Masticbarbus

Scientific classification
- Kingdom: Animalia
- Phylum: Chordata
- Class: Actinopterygii
- Order: Cypriniformes
- Family: Cyprinidae
- Subfamily: Acrossocheilinae
- Genus: Masticbarbus Tang, 1942
- Type species: Masticbarbus pentafasciatus Tang, 1942
- Species: See text.

= Masticbarbus =

Genus of fishes

Masticbarbus is a genus of ray-finned fish in the family Cyprinidae (carps, minnows and allies), native to Vietnam and southern China.

== Species ==
Masticbarbus was previously a synonym of Acrossocheilus, but has recently been resurrected, and it currently contains the following four species:

- Masticbarbus clivosius (Lin, 1935)
- Masticbarbus iridescens (Nichols & Pope, 1927)
- Masticbarbus longipinnis (Wu, 1939)
- Masticbarbus microstoma (Pellegrin & Chevey, 1936)

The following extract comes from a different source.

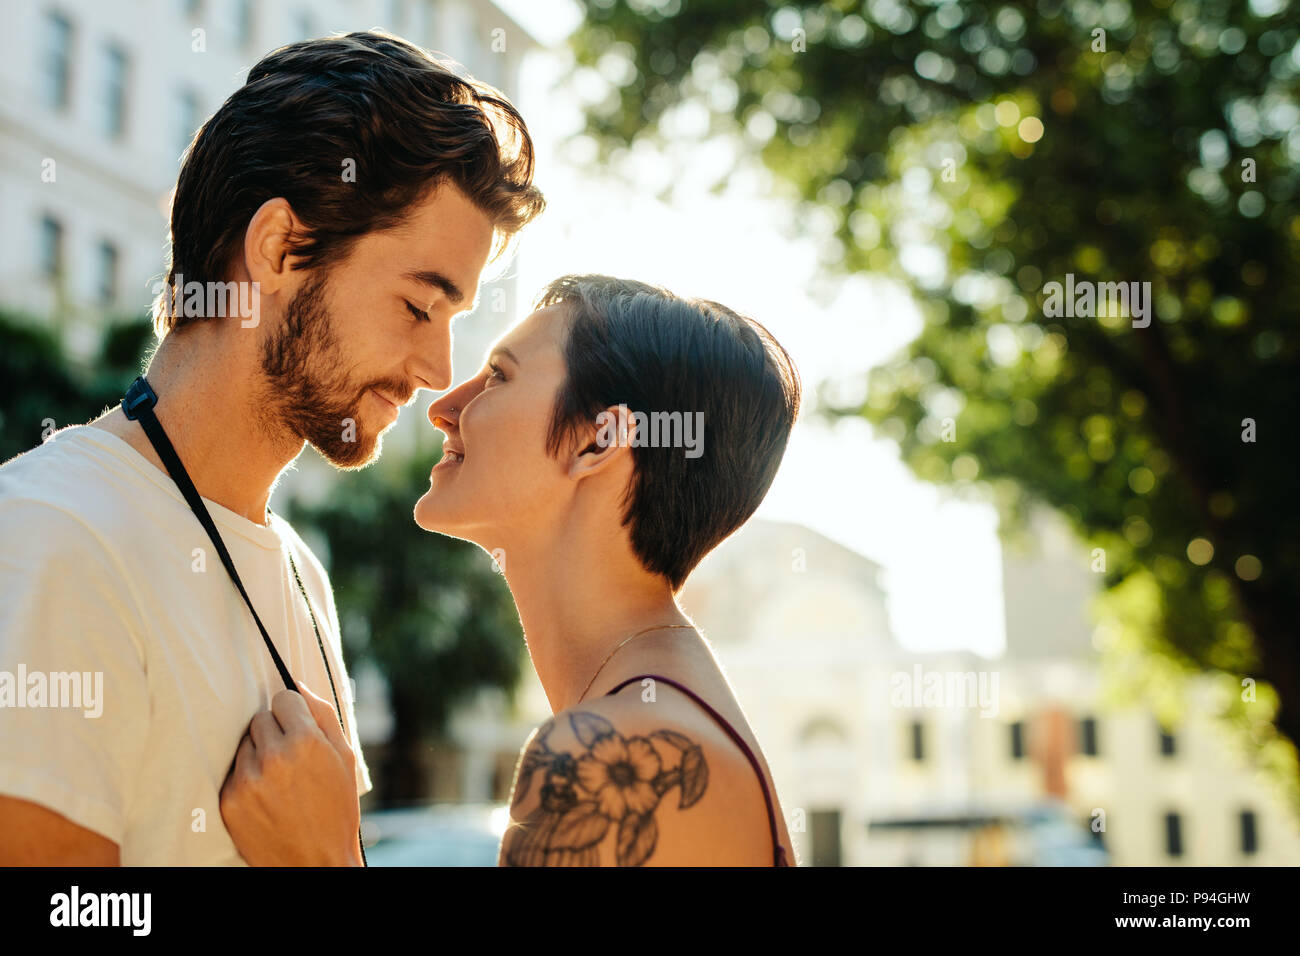 Donna in piedi vicino ad un uomo che sta per baciare permanente sulla strada. Turista giovane in una felice e umore romantico mentre ad esplorare la città. Foto Stock

The type species of Masticbarbus was called Masticbarbus pentafasciatus upon its description; this binomial is now under the synonymy of M. longipinnis (Wu, 1939).

== Habitat ==
All but one species in this genus live exclusively in freshwater habitats; the exception is M. iridescens, which can live in both freshwater and brackish environments.